What is wanted is an exact copy of the lines from the top of the listing through the line containing "10 Staubsaugerbeutel kompatibel".

----- Source material

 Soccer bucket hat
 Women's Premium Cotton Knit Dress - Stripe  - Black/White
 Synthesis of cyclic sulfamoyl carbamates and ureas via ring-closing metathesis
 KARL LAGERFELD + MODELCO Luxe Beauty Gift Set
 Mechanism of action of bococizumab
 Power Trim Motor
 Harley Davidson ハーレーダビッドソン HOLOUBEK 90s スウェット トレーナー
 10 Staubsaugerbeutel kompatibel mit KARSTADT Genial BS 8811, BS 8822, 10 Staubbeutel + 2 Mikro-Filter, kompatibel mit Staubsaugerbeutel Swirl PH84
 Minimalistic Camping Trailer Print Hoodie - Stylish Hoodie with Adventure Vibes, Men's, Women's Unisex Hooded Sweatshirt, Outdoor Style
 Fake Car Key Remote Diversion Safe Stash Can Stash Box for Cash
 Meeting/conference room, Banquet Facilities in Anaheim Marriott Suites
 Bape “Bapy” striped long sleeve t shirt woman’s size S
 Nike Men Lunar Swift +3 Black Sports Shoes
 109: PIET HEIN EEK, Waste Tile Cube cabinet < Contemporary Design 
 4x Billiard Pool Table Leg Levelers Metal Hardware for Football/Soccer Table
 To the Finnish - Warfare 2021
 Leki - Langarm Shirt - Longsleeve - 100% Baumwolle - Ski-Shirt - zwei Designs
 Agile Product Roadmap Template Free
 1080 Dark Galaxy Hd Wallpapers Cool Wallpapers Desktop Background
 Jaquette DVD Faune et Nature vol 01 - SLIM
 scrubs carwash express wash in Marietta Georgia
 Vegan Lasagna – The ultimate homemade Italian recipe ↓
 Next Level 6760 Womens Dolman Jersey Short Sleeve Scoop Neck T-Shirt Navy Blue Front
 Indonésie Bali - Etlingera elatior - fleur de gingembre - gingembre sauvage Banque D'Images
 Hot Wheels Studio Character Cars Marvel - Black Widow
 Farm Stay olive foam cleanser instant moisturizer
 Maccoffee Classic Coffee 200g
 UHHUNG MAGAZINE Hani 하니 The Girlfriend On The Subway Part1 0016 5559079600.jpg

----------

--- Solution to the exercise ---
 Soccer bucket hat
 Women's Premium Cotton Knit Dress - Stripe  - Black/White
 Synthesis of cyclic sulfamoyl carbamates and ureas via ring-closing metathesis
 KARL LAGERFELD + MODELCO Luxe Beauty Gift Set
 Mechanism of action of bococizumab
 Power Trim Motor
 Harley Davidson ハーレーダビッドソン HOLOUBEK 90s スウェット トレーナー
 10 Staubsaugerbeutel kompatibel mit KARSTADT Genial BS 8811, BS 8822, 10 Staubbeutel + 2 Mikro-Filter, kompatibel mit Staubsaugerbeutel Swirl PH84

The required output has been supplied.